(Work request): Give an unaltered copy of the listing below, minus its pictures.

(Dataset section):
◇ ◇ ◇ ◇

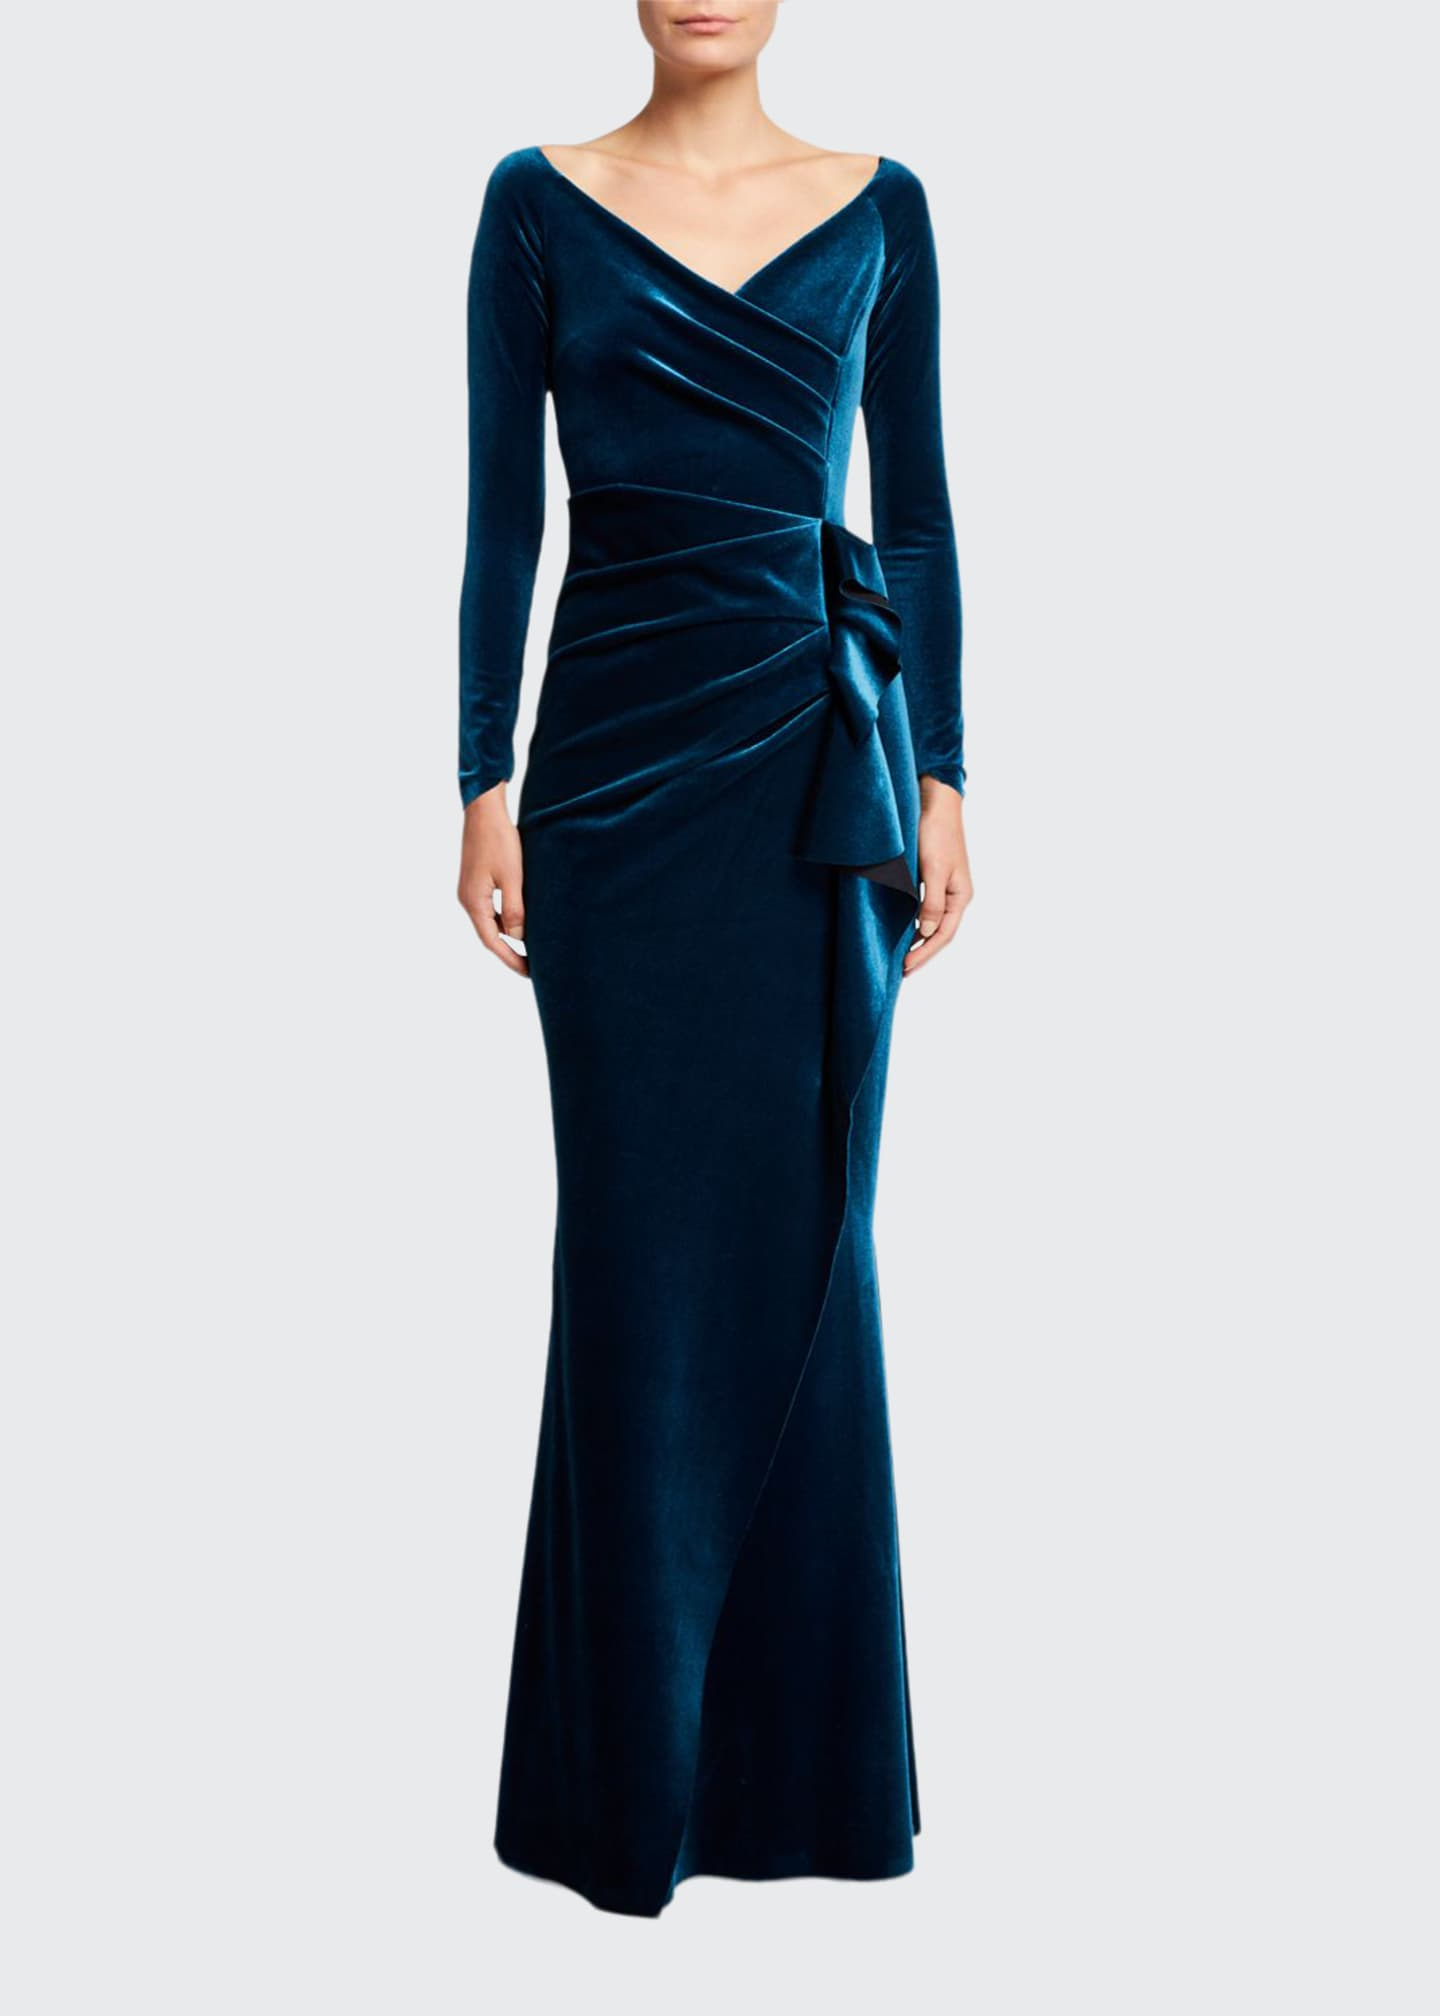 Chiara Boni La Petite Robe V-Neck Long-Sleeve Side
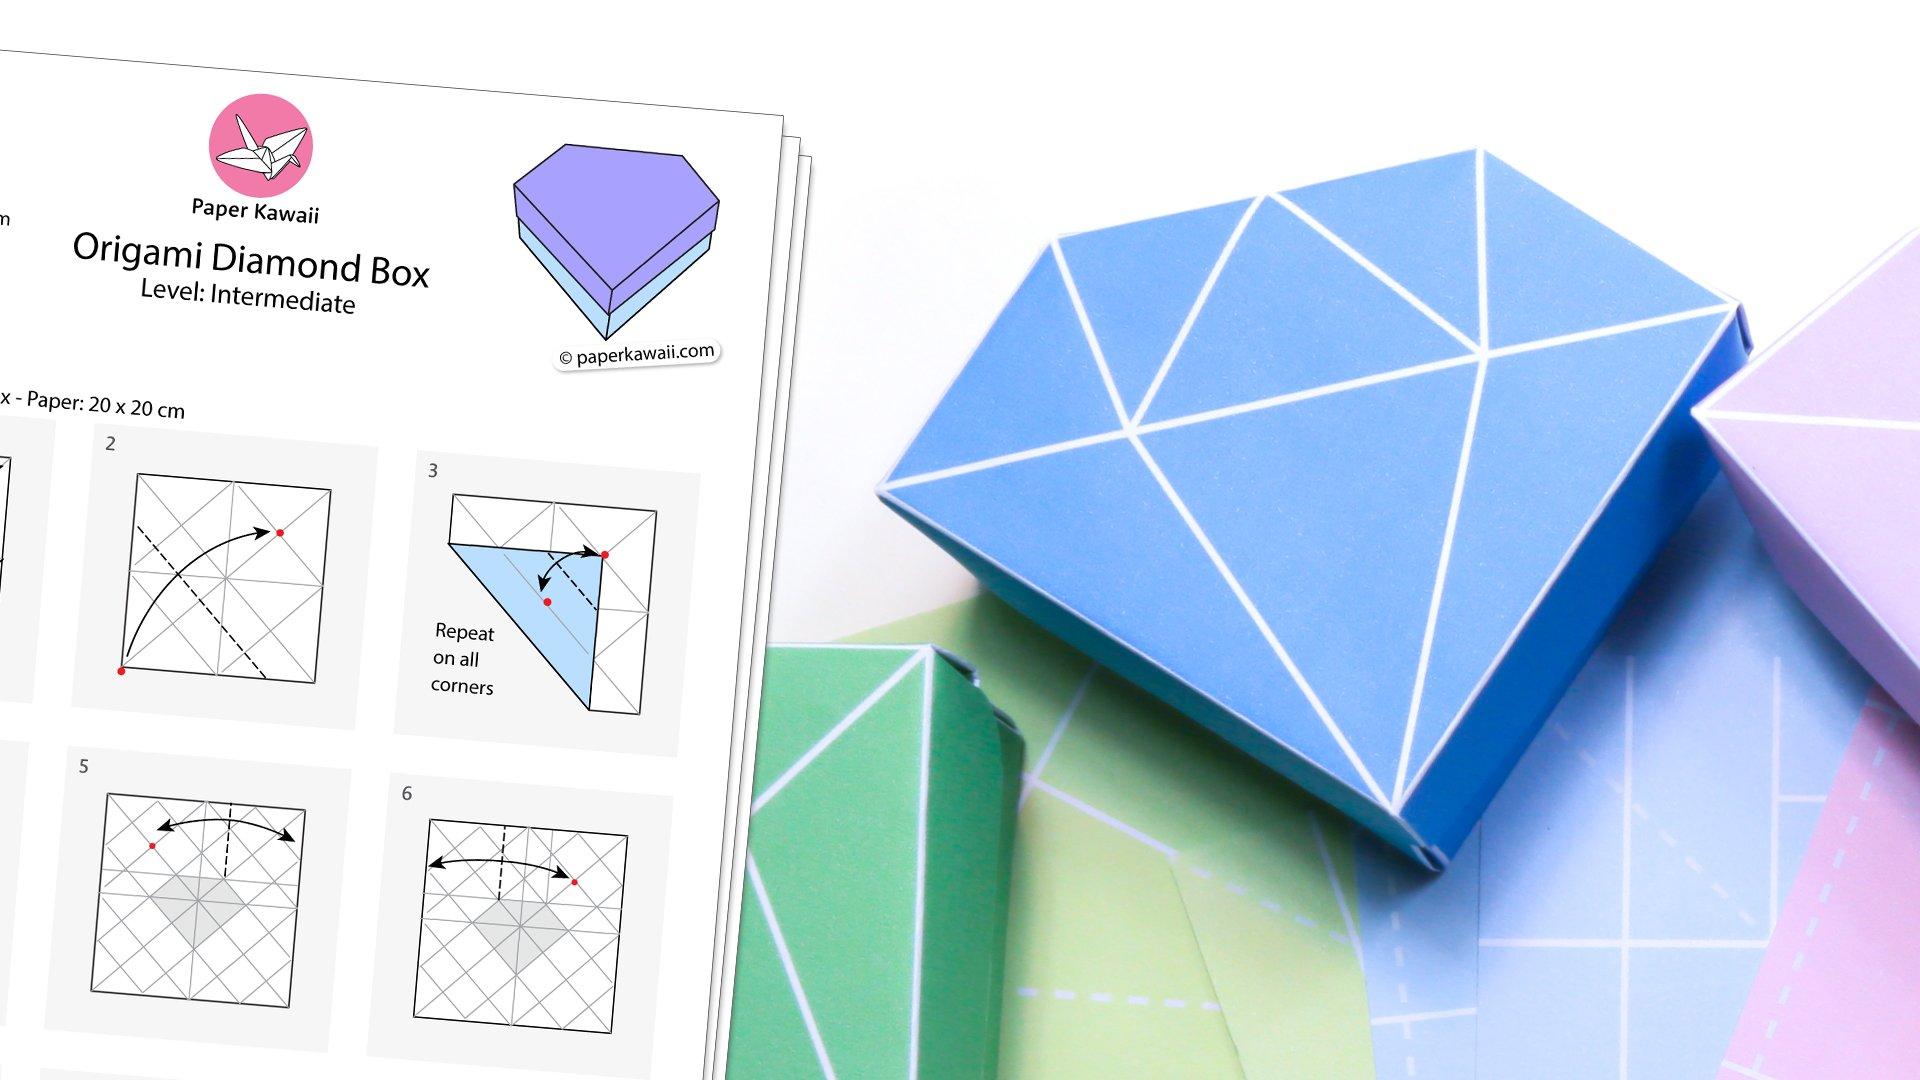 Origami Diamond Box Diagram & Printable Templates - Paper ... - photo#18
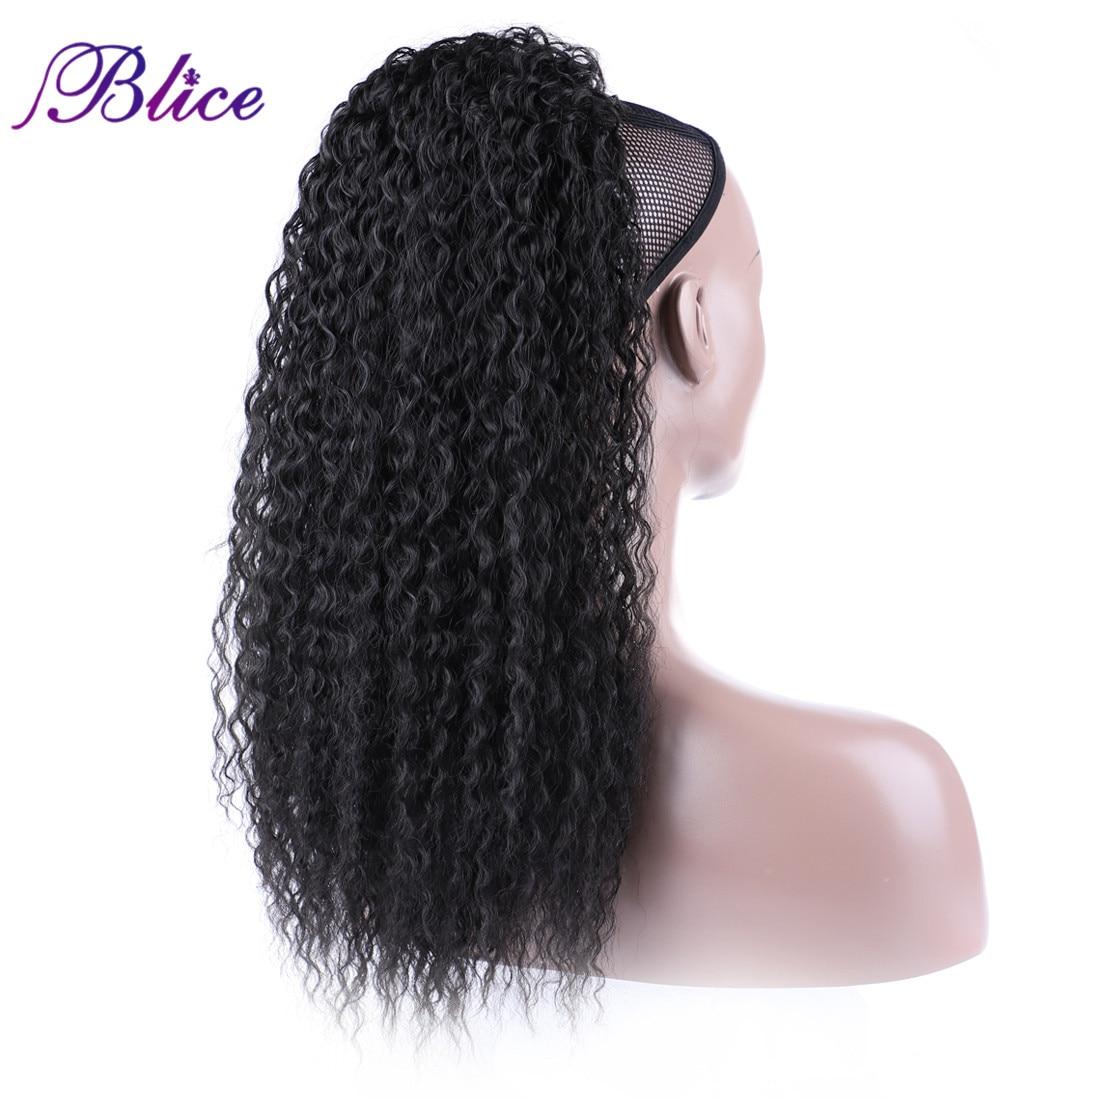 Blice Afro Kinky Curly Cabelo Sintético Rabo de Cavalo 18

◇ ◇ ◇ ◇

(Output for this task):
 Chiara Boni La Petite Robe V-Neck Long-Sleeve Side
 Origami Diamond Box Diagram & Printable Templates - Paper ... - photo#18
 Blice Afro Kinky Curly Cabelo Sintético Rabo de Cavalo 18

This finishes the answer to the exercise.